Data
====================

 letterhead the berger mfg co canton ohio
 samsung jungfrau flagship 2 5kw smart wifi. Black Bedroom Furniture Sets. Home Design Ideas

====================

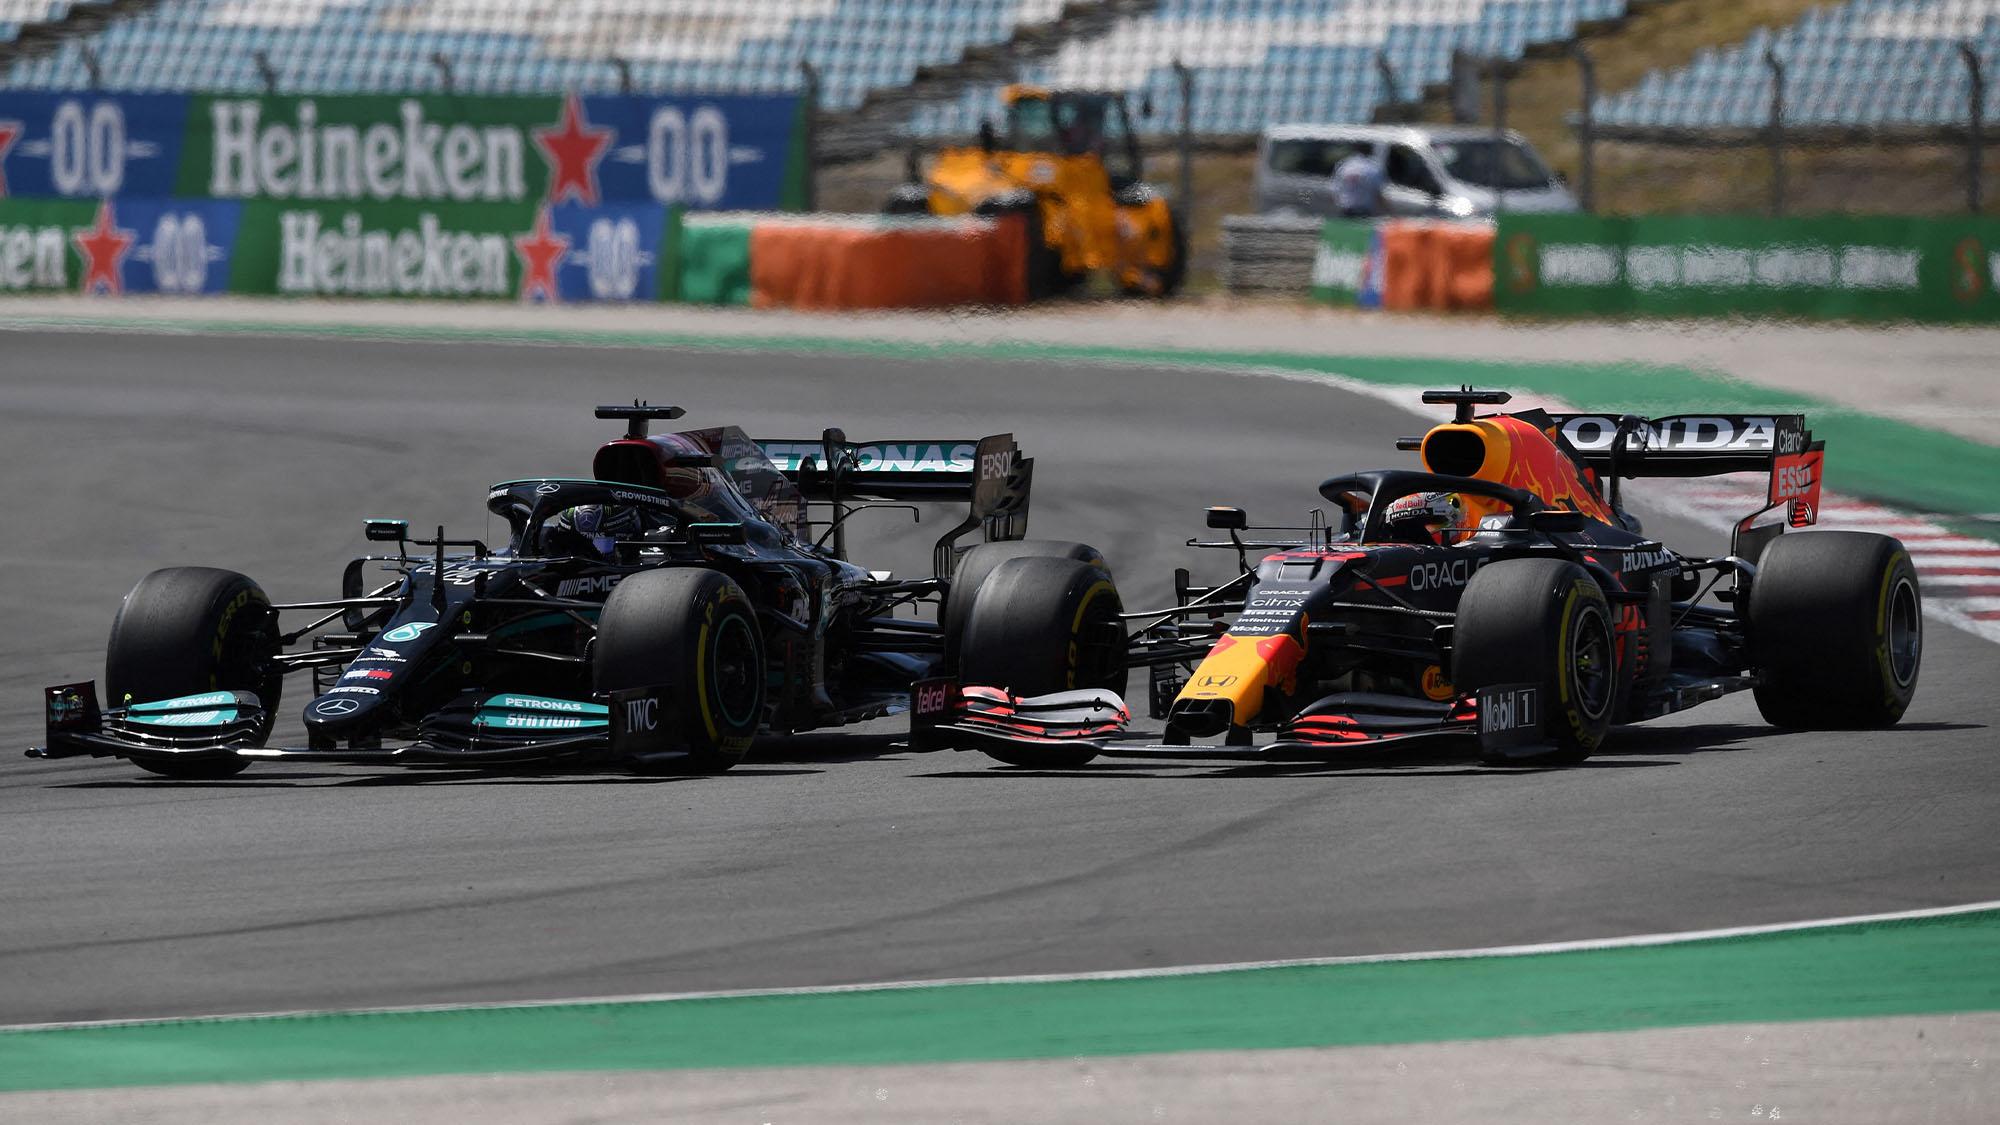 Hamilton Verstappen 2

====================

Brief
Reproduce, word for word and in full, only the lines above that start at the line with "letterhead the berger mfg co canton ohio" and run through the line with "samsung jungfrau flagship", both ends included.

Answer to this problem
 letterhead the berger mfg co canton ohio
 samsung jungfrau flagship 2 5kw smart wifi. Black Bedroom Furniture Sets. Home Design Ideas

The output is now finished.